Nach diesem etablierten Schlüssel schlagen Union und SPD jeweils zwei von siebzehn bzw. im übertragenen Verhältnis zwei von fünf Persönlichkeiten vor, während den Grünen das Nominierungsrecht für jede:n fünfte:n Kandidat:in zusteht. Angesichts der zunehmend fragmentierten politischen Landschaft erfordert dieses System von allen Beteiligten ein hohes Maß an Pragmatismus, um eine Hängepartie bei der Nachbesetzung zu verhindern.

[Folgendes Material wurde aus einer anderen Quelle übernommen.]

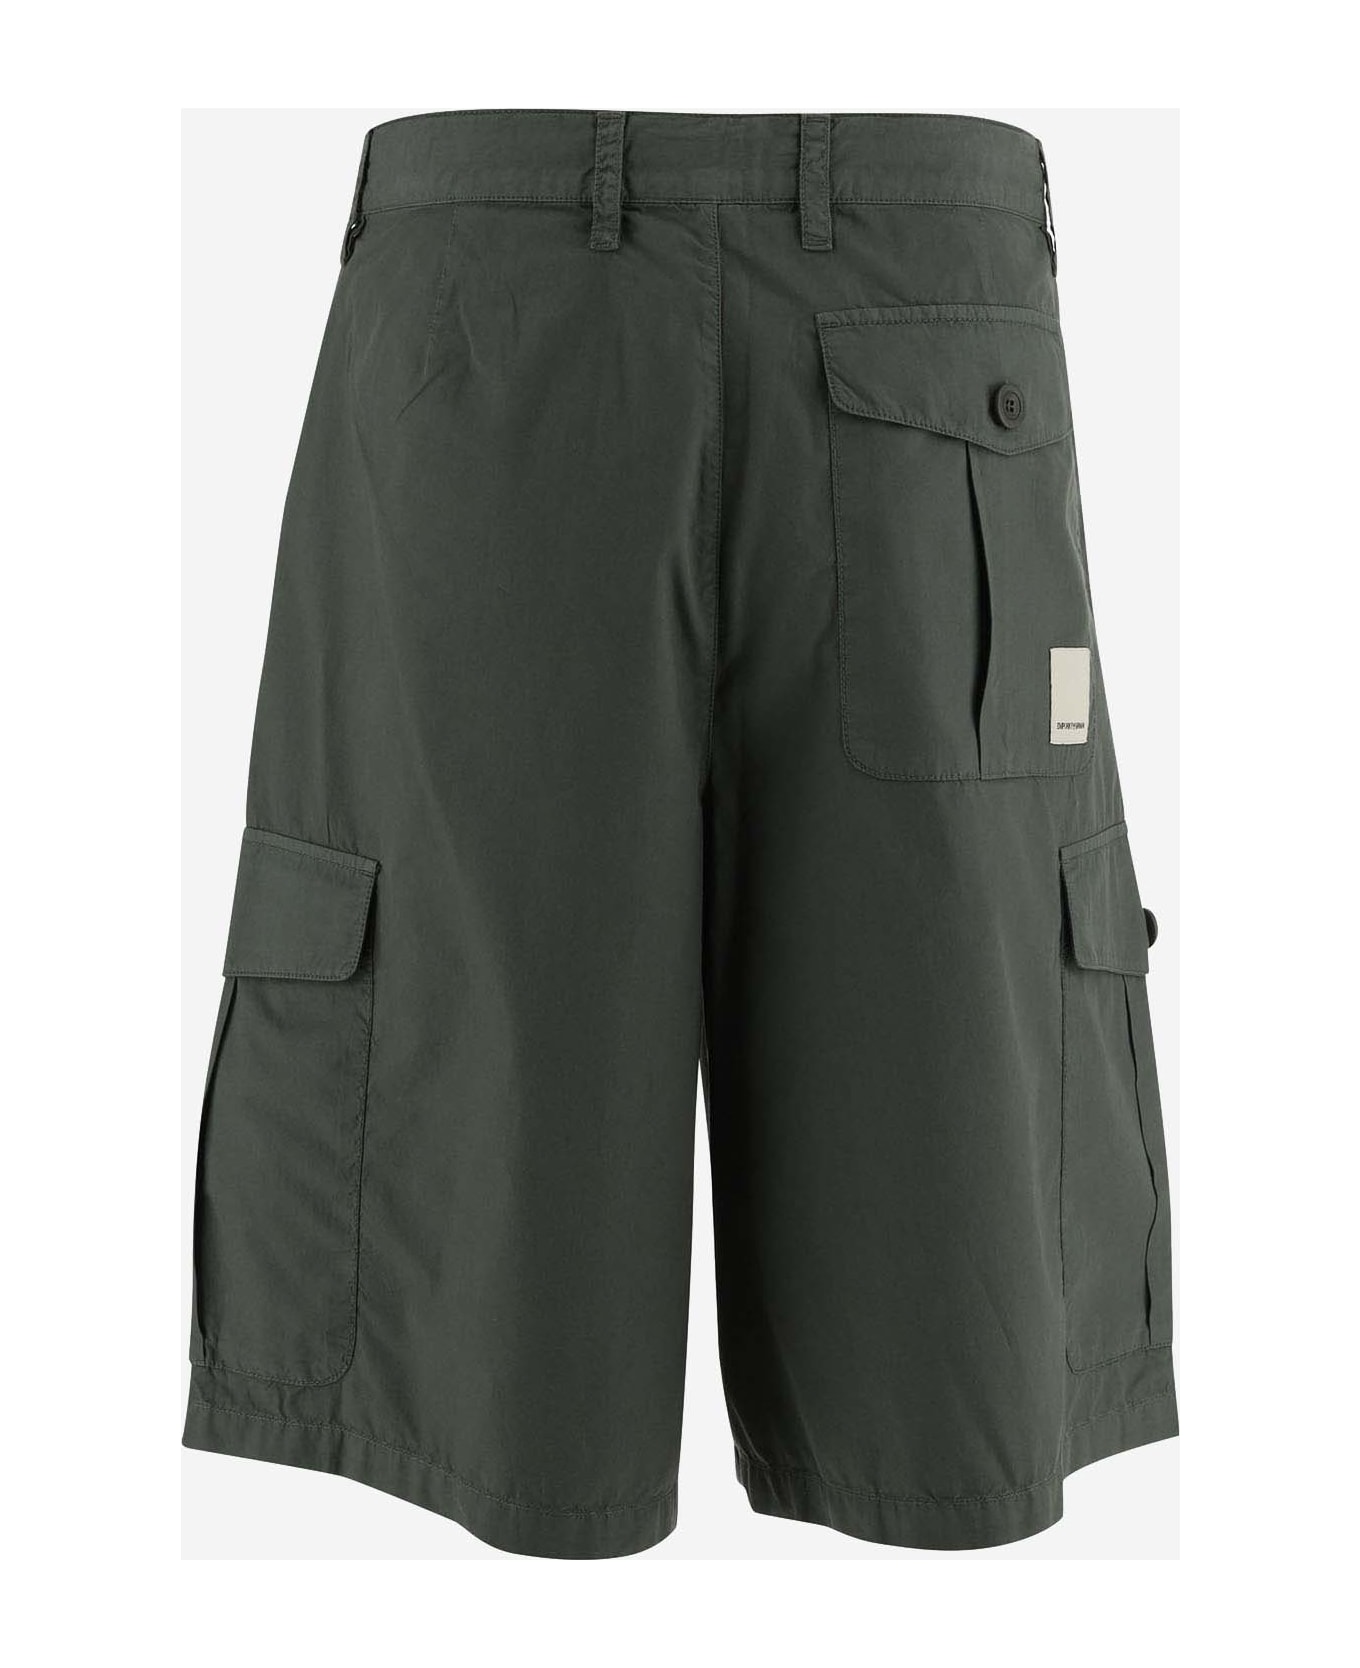 Emporio Armani Cotton Bermuda Shorts - 05C1

Eine entscheidende verfahrensrechtliche Neuerung bringt die Reform von Ende 2024 mit sich: der neue Ersatzwahlmechanismus gemäß § 7a Abs. 5 BVerfGG. Sollte eines der beiden Wahlorgane – Bundestag oder Bundesrat – eine Richterstelle nicht innerhalb von drei Monaten nach der Vorlage eines Wahlvorschlags neu besetzen können, geht das Wahlrecht auf das jeweils andere Organ über. Diese Regelung dient als verfassungsrechtliches Sicherheitsnetz gegen eine dauerhafte Blockade durch eine Sperrminorität – ein Szenario, das im Zuge der turbulenten Richterwahlen im Sommer und Herbst 2025 eine ganz neue Aktualität gewonnen hat.

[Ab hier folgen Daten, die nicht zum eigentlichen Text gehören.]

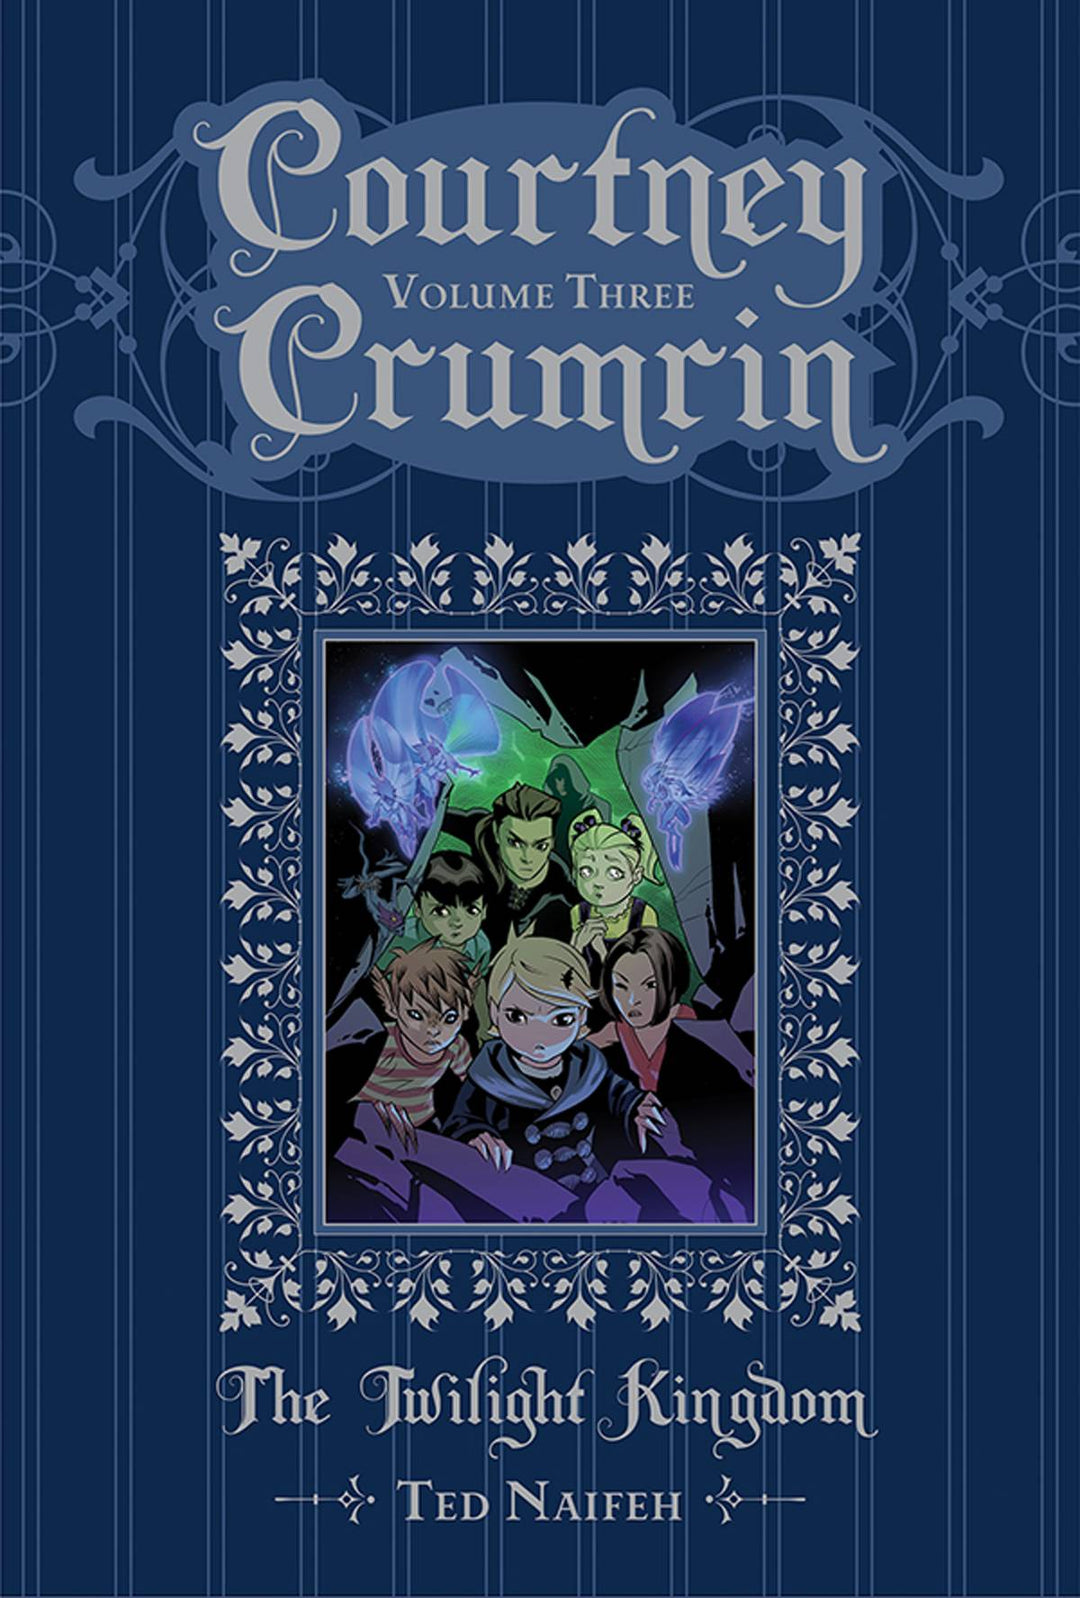 Courtney Crumrin Spec Edition Hardcover Volume 03

Zudem regeln Bundestag und Bundesrat die Besetzung der absoluten Spitzenpositionen im gegenseitigen Wechsel: Sie wählen alternierend die Präsidentschaft sowie die Vizepräsidentschaft des Bundesverfassungsgerichts. Wie dieses Zusammenspiel in der Praxis funktioniert, konntest du im September 2025 beobachten: Unmittelbar nach ihrer erfolgreichen Wahl zur Richterin durch den Bundestag wurde die Juristin Ann-Katrin Kaufhold vom Bundesrat einstimmig zur neuen Vizepräsidentin des Gerichts gewählt.